Added cosine knn function

cosineknn.m

@@ -0,0 +1,94 @@
+function S = cosineknn(A,K)
+% COSINEKNN Compute k-nearest neighbors with a cosine distance metric
+% 
+% S = cosineknn(A,k) computes a cosine similarity metric between the
+% vertices of A or the upper half of a bipartite graph A
+%
+
+% David F. Gleich
+% Copyright, Stanford University, 2009
+
+% History
+% 2009-08-12: Initial version
+
+% TODO support struct input
+% TODO support other similarity functions
+% TODO allow option for diagonal similarity too
+% TODO allow option for triplet output
+
+
+if isstruct(A), 
+    error('cosineknn:notSupported','struct input is not supported yet');
+else
+    [rp ci ai]=sparse_to_csr(A); check=1;
+    [rpt cit ait]=sparse_to_csr(A'); 
+    [n,m] = size(A);
+end
+
+% compute a row norm (which means we accumlate the column indices of At)
+rn = accumarray(cit,ait.^2);
+rn = sqrt(rn);
+rn(rn>eps(1)) = 1./rn(rn>eps(1)); % do division once
+
+% the output is a n-by-n matrix, allocate storage for it
+si = zeros(n*K,1);
+sj = zeros(n*K,1);
+sv = zeros(n*K,1);
+nused = 0;
+
+dwork = zeros(n,1);
+iwork = zeros(n,1);
+iused = zeros(n,1);
+for i=1:n
+    % for each row of A, compute an inner product against all rows of A.
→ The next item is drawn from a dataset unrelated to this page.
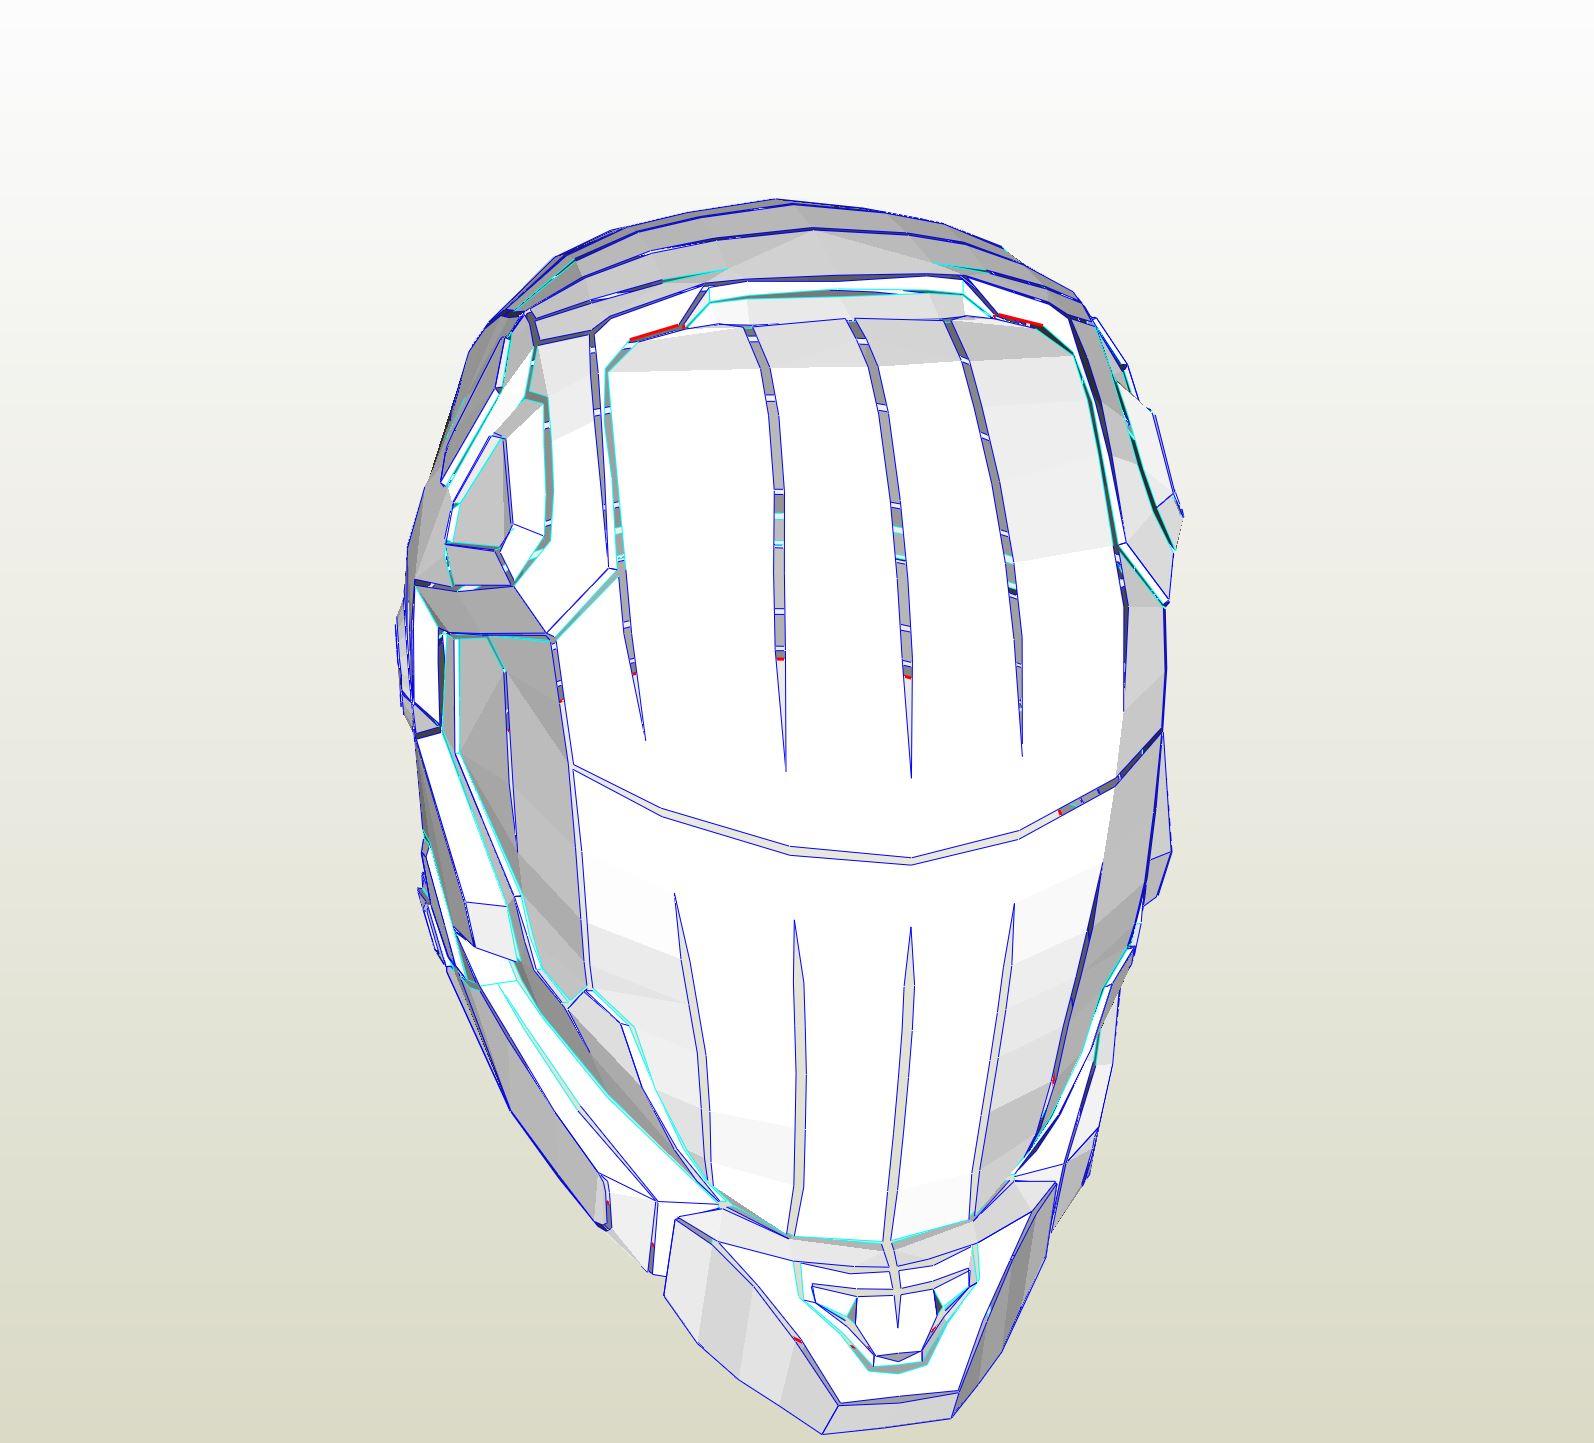 Halo: Reach - MJOLNIR Mark V - Pilot | Halo Costume and Prop Maker

+    % to do this efficiently, we know that the inner-product will
+    % only be non-zero if two rows of A overlap in a column.  Thus, in
+    % row i of A, we look at all non-zero columns, and then look at all
+    % rows touched by those columns in the A' matrix.  We  compute
+    % the similarity metric, then sort and only store the top k.
+    
+    curused = 0; % track how many non-zeros we compute during this operation
+    
+    for ri=rp(i):rp(i+1)-1
+        % find all columns j in row i
+        j = ci(ri);
+        aij = ai(ri)*rn(i);
+        for rit=rpt(j):rpt(j+1)-1
+            % find all rows k in column j
+            k = cit(rit);
+            if k==i, continue; end % skip over the standard entries
+            akj = ait(rit)*rn(k);
+            if iwork(k)>0
+                % we already have a non-zero between row i and row k
+                dwork(iwork(k)) = dwork(iwork(k)) + aij*akj;
+            else
+                % we need to add a non-zero betwen row i and row k
+                curused = curused + 1;
+                iwork(k) = curused;
+                dwork(curused) = aij*akj;
+                iused(curused) = k;
+            end
+        end
+    end
+    % don't sort if fewer than K elements
+    if curused < K,
+        sperm = 1:curused;
+    else
+        [sdwork sperm] = sort(dwork(1:curused),1,'descend');
+    end
+    for k=1:min(K,length(sperm))
+        nused = nused + 1;
+        si(nused) = i;
+        sj(nused) = iused(sperm(k));
+        sv(nused) = dwork(sperm(k));
+    end
+    % reset the iwork array, no need to reset dwork, as it's just 
+    % overwritten
+    for k=1:curused
+        iwork(iused(k)) = 0;
+    end
+end
+si = si(1:nused);
+sj = sj(1:nused);
+sv = sv(1:nused);
+S = sparse(si,sj,sv,n,n);